高品質なゲームのローンチが、主要な推進要因の2位(29.5%)となった。この動向は、かつての投機型モデルからの脱却を示している。持続的かつ収益重視のビジネスモデルが3位(27.5%)。ステーブルコインも27.3%から支持され、国際送金やゲーム内決済のツールとなっている。

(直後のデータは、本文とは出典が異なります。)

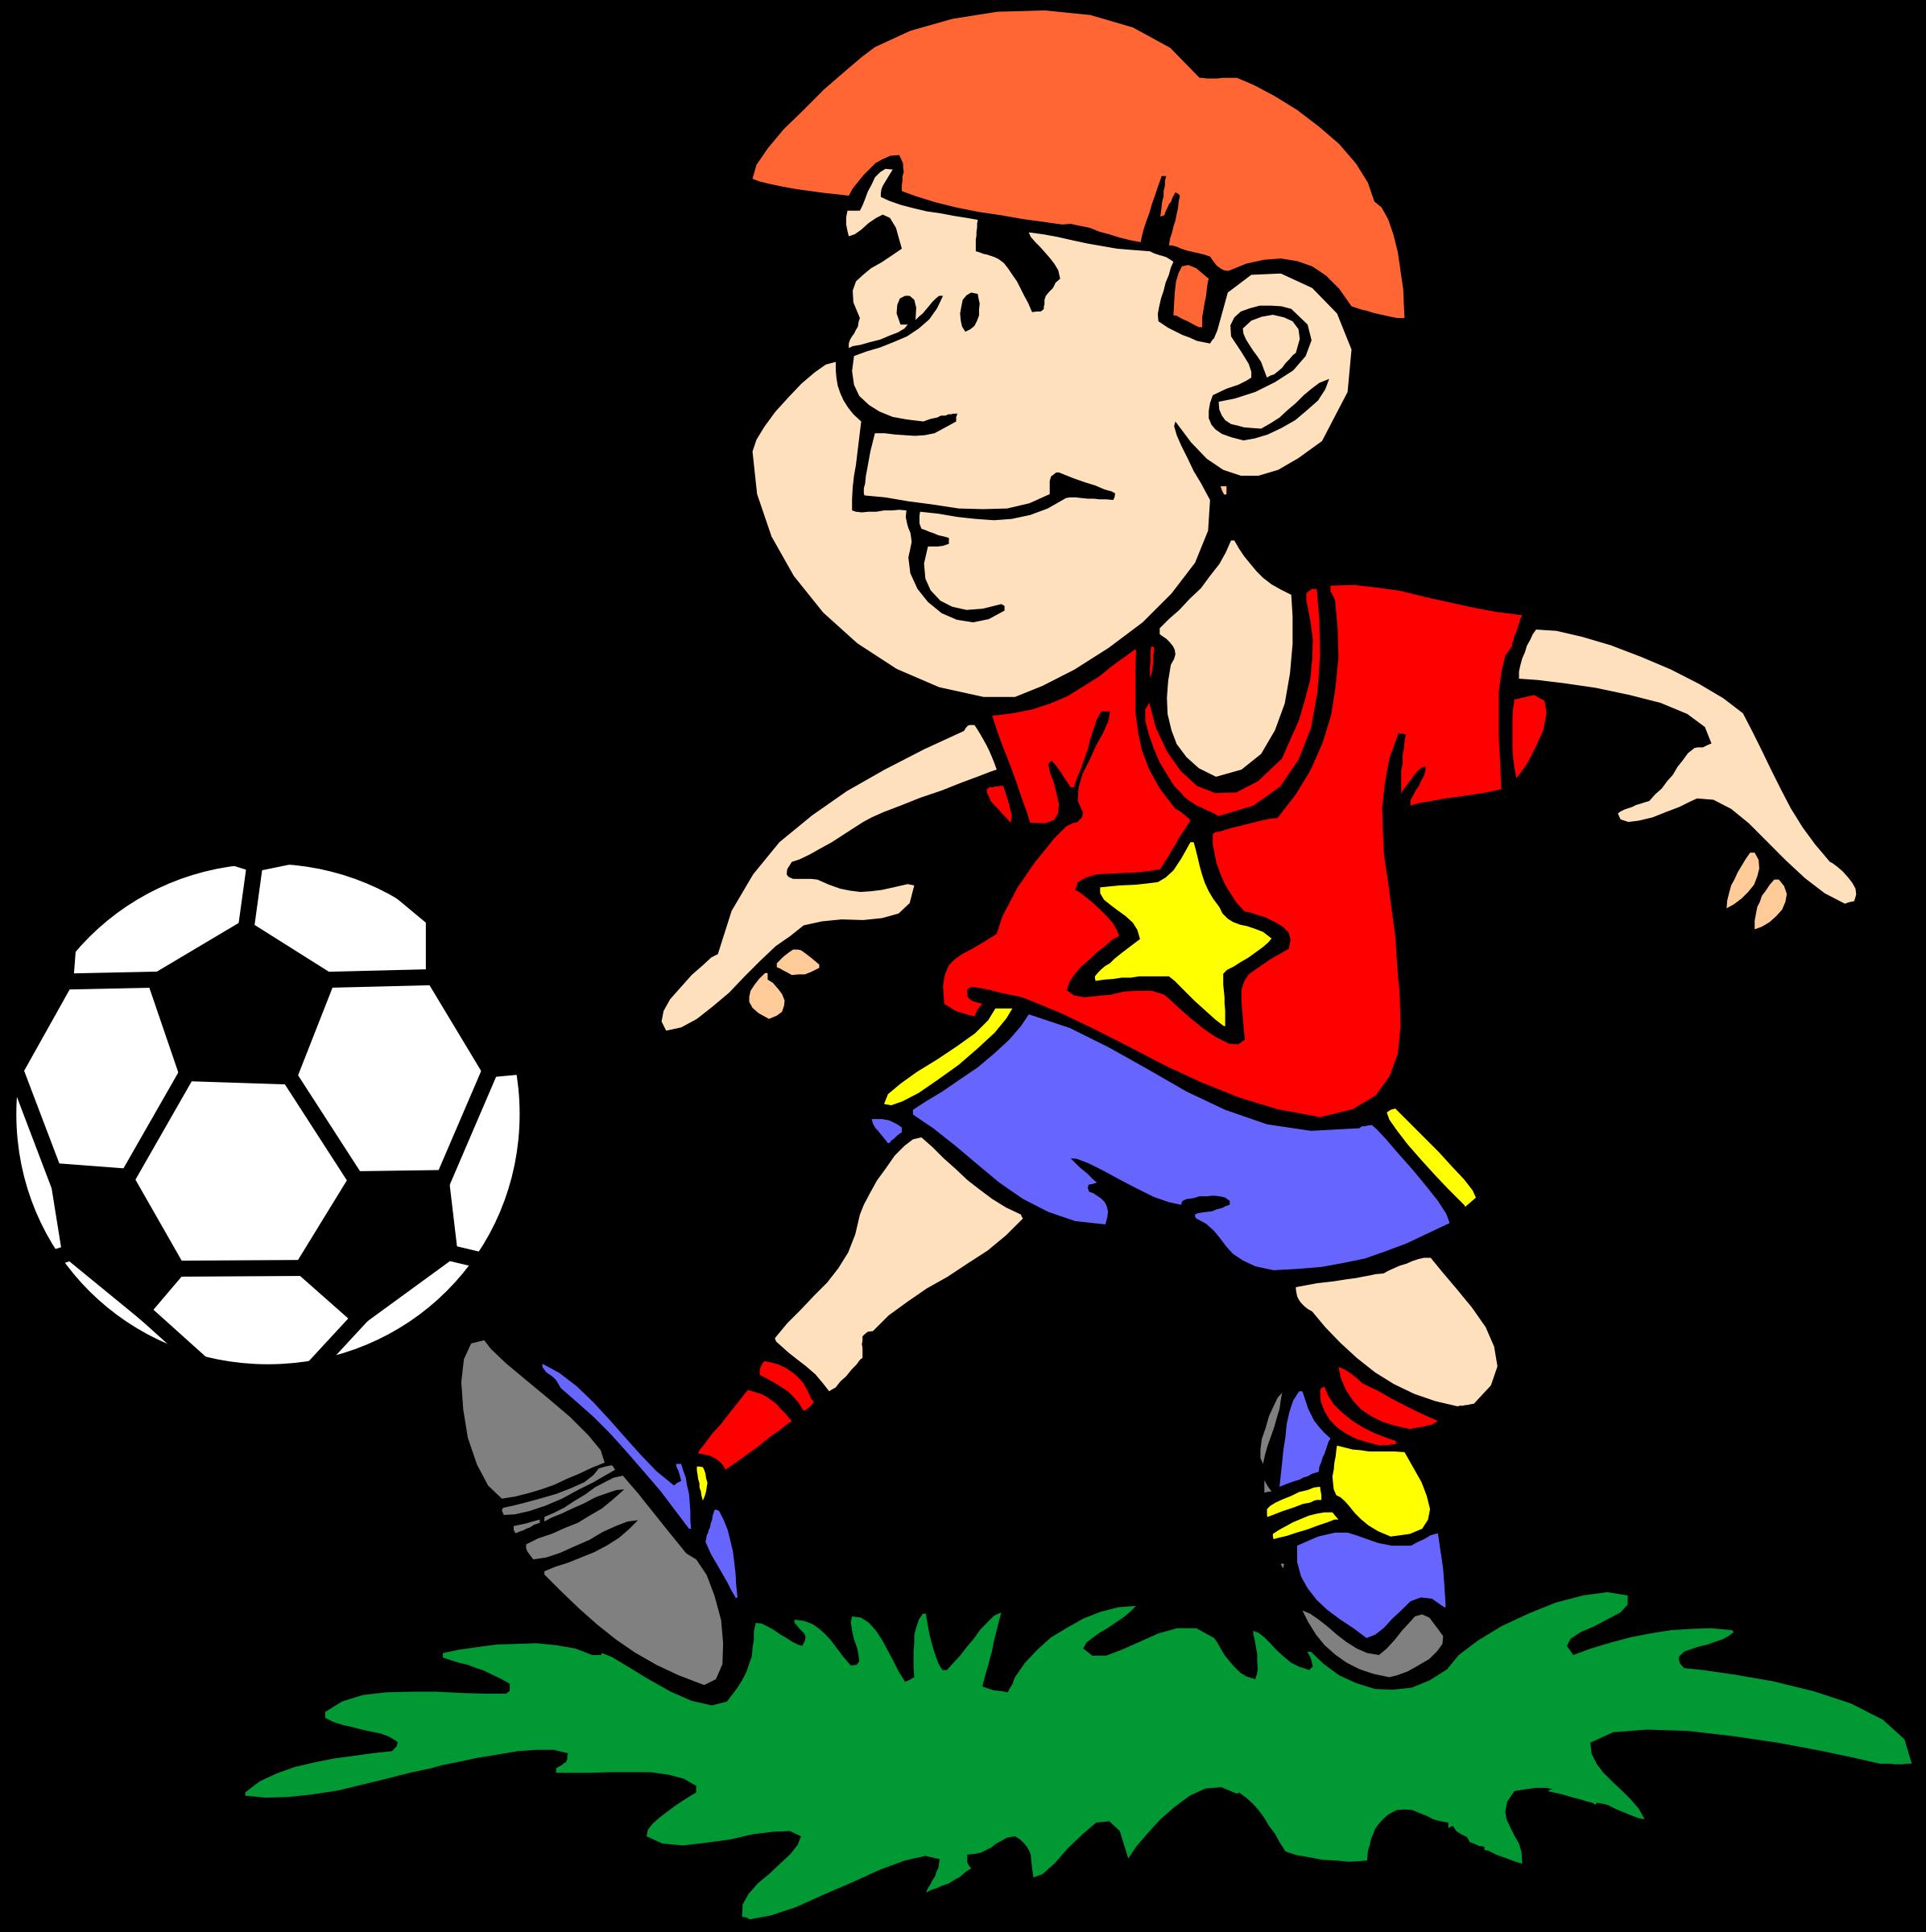 Kicking ball clipart vector library download Kicking a ball clipart clipart images gallery for free download ... vector library download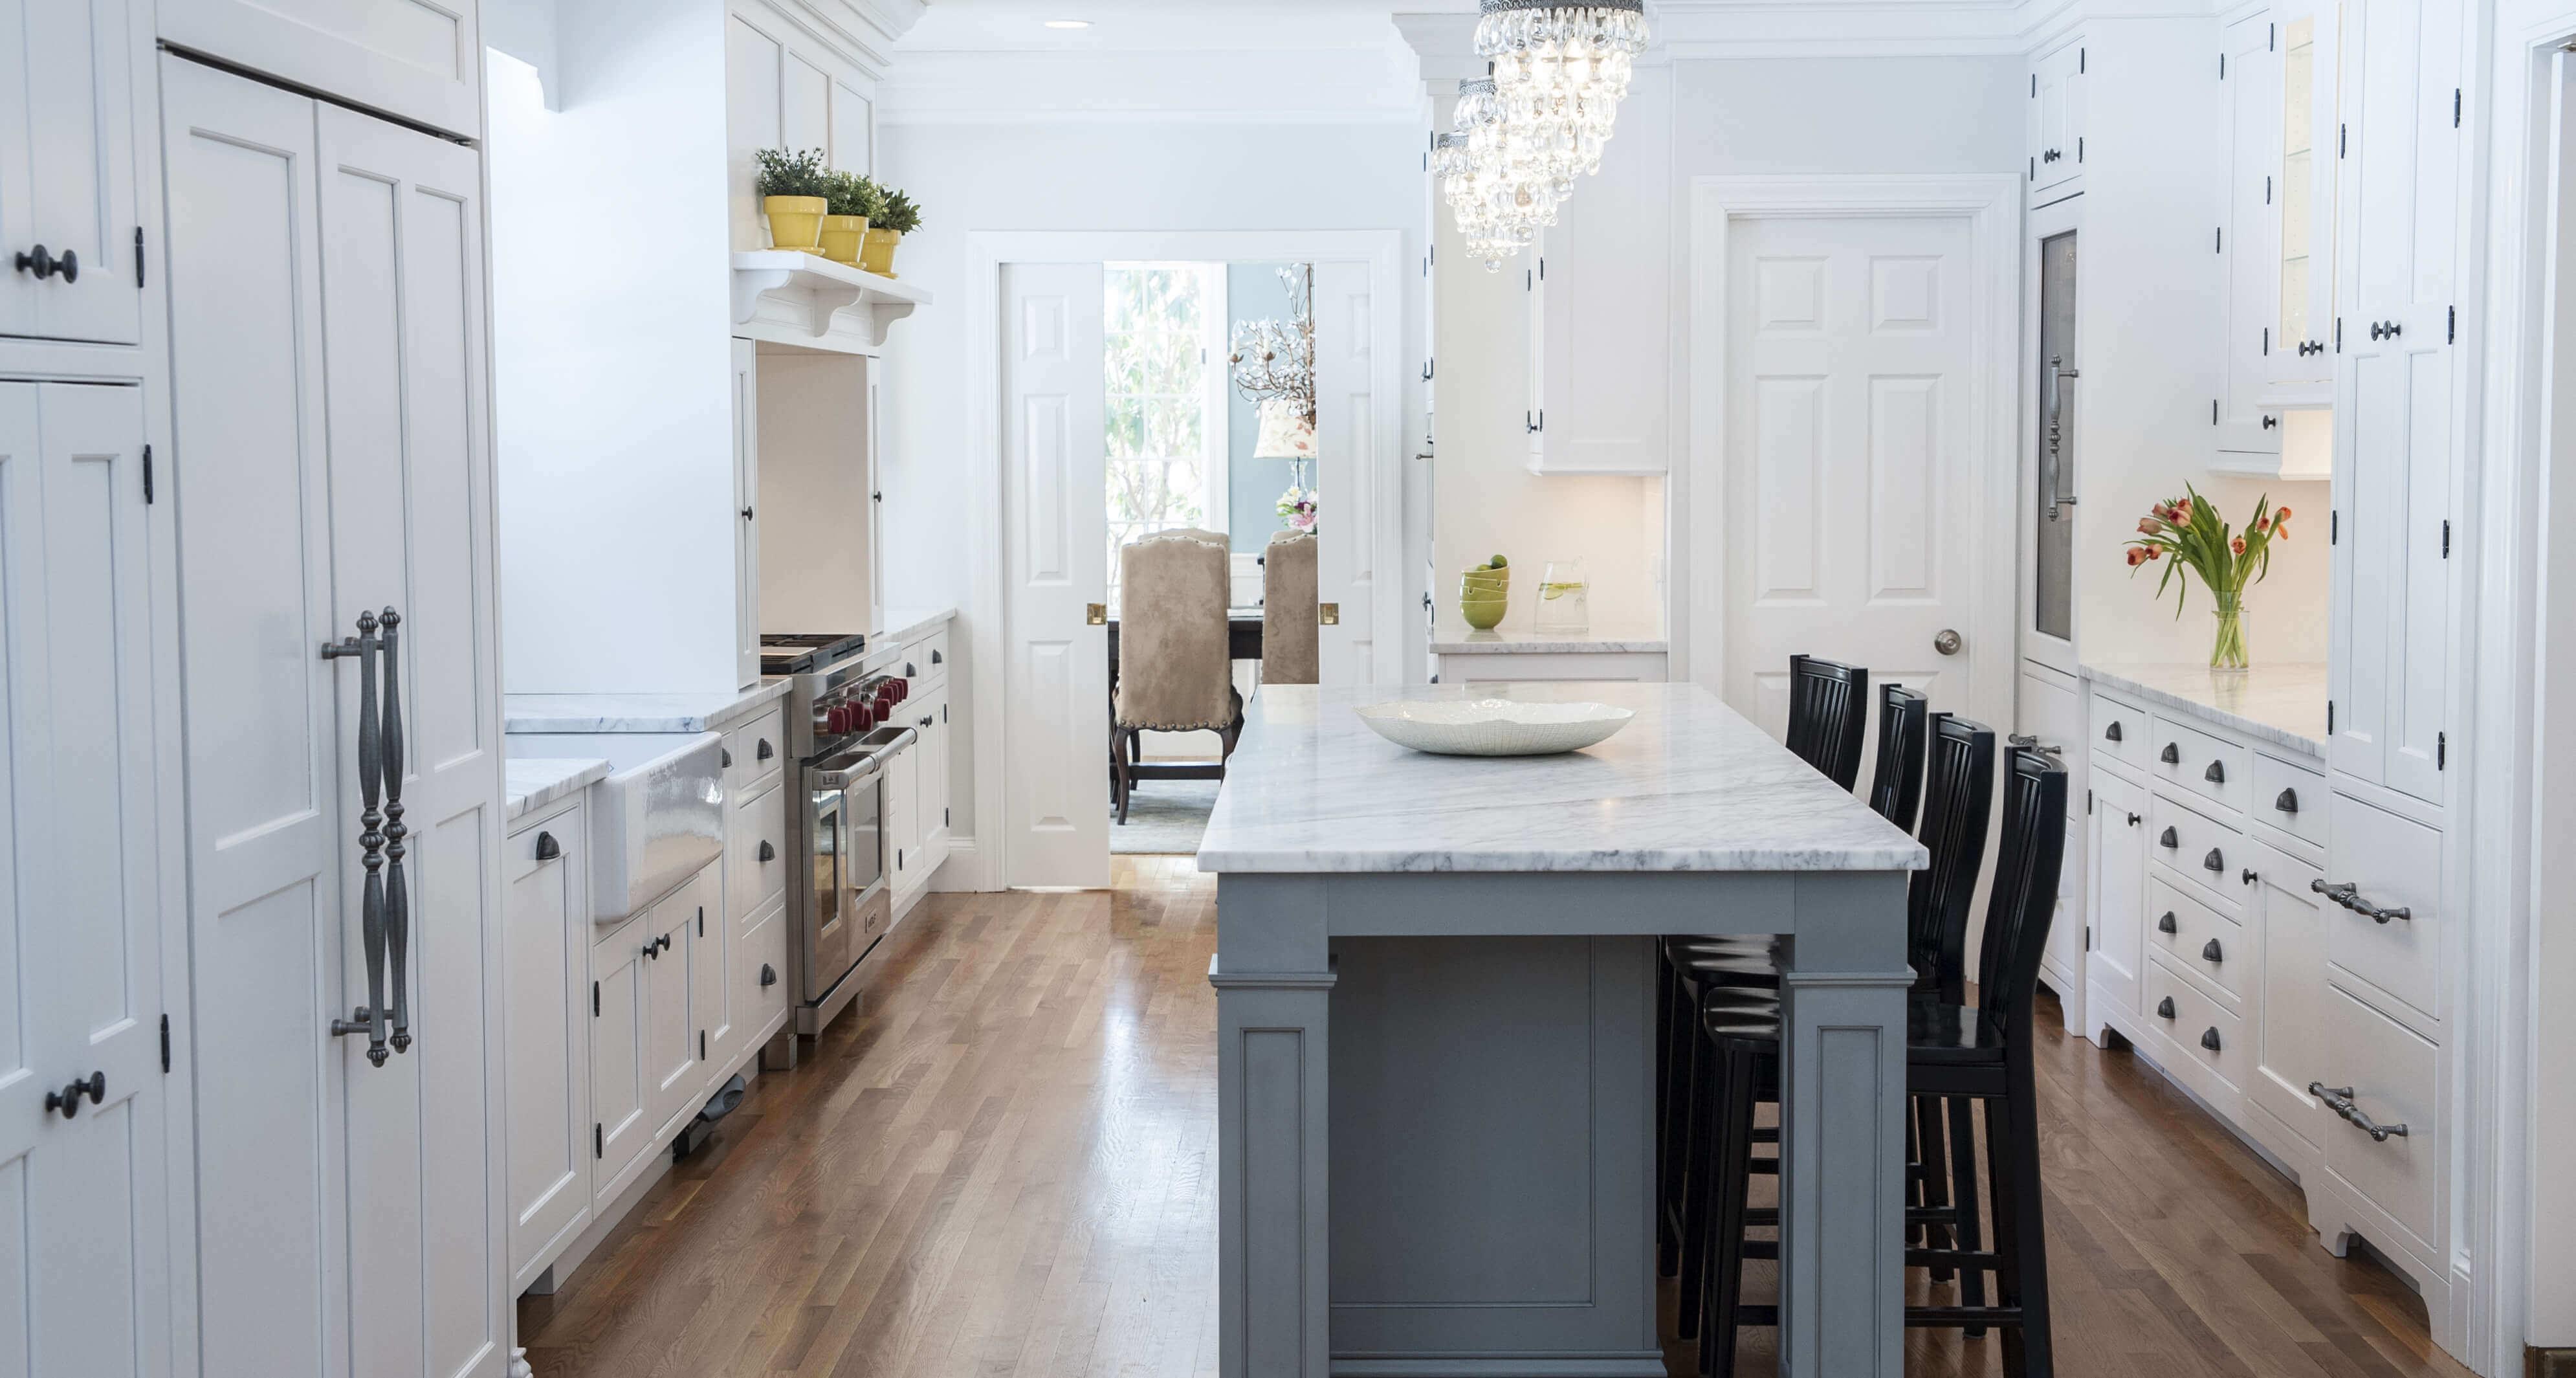 Kitchen Design And Build Center in Westborough Massachusetts

スタジオは市場収縮を経て「プロダクトファースト」へシフトした。ブロックチェーンゲームへの資金は2022年の100億ドル超から2025年には2億9300万ドルまで急減した。スタジオはトークン投機より実収益を重視し始めている。ギルド参加率も2022年の20.7%から2025年の7.9%まで落ち、持続不能なモデルが淘汰された。
詐欺、資金不足、AIが主要リスクに浮上
活発な動きの一方で、業界は深刻な障壁にも直面している。詐欺や不正は依然、最大の脅威(36.0%が指摘)である。ラグプルや悪質スキームの存在が、慎重なゲーマー層の普及を妨げている。
資金不足も課題であり、重要度では2位(32.6%)。2021年以降、新興企業の80%から93%が資金枯渇で閉鎖を余儀なくされた。主要VCの新規投資もストップした。スタジオは今、収益性と持続性を証明する責任を負う。
生成AIは成長のカギでもあり、同時にリスクも孕む。マーケティングやコンテンツ制作で46%がAIに期待を寄せる一方、38.9%はAIによる不正利用への懸念を示す。不正行為の増加、内容の陳腐化、創造性の喪失などが課題である。
デジタル基盤が中東・北アフリカの競争力強化
MENAの成長は、イノベーション志向の規制だけでなく、デジタルネイティブな人口構成と高い金融リテラシー、リスク許容度によるもの。MENAのトレーダーの約45%がデモ口座で取引を始めており、経済教育への需要が広く存在していることがうかがえる。地域のトレーダーは高い勝率と世界随一のリスク志向を示す。
近代的決済システムも重要な役割を果たしている。多くの国で即時決済、オートメーション化されたクリアリングハウス、モバイル基盤が整備された。これらの整備により、取引コストと決済時間が削減され、国境を超えた価値移転がブロックチェーンゲーム経済で現実となっている。
主要スタジオも注目している。BGA調査にはユービーアイソフト、スクウェア・エニックス、コインテレグラフ、ポリゴンラボ、DMCCドバイ、主要な地域金融機関のスタッフが名を連ねている。伝統的ゲーム企業とブロックチェーン系企業の接近は進む。パブリッシャーがWeb3を模索する中、既存モデルを維持しながら新技術を統合している。
世界全体でステーブルコインの年間決済高は2024年に27兆6000億ドルに上った。MENAはリテール決済イノベーションの主導役である。規制、基盤、ユーザー知識への注力により、ブロックチェーンゲームがニッチから主流になる過程で同地域は強い地位を築いている。
産業界が縮小を経て2026年回復を目指す
Web3トークン価格は過去最高値から90%〜95%下落した。スタジオはトークン依存のモデルから方針転換し、伝統的な収益方式にブロックチェーン要素を組み合わせている。多くのプロジェクトが消滅したが、残ったものは強固な基盤を持つ。知的財産と持続可能な経営モデルを持つスタジオが、2年間の資金難を経て再び投資家の注目を集めている。
MENA躍進の背景には、業界の成熟がある。地域開発者は安定した規制、多様な収益モデル、機関投資家や政府系ファンドからの資金面で恩恵を受けている。
2026年を見据え、業界は「質の高いゲームが長らく期待された成果を実現できるのか」に焦点を当てている。MENAのインフラ、人材、規制環境は大きな優位性となる。ただし、本当の成功には「報酬」目的ではなく、純粋に「楽しさ」で選ばれるゲームが生まれるかどうかが鍵となる。来年、MENAがブロックチェーンゲーム成長エンジンとなるかが試される。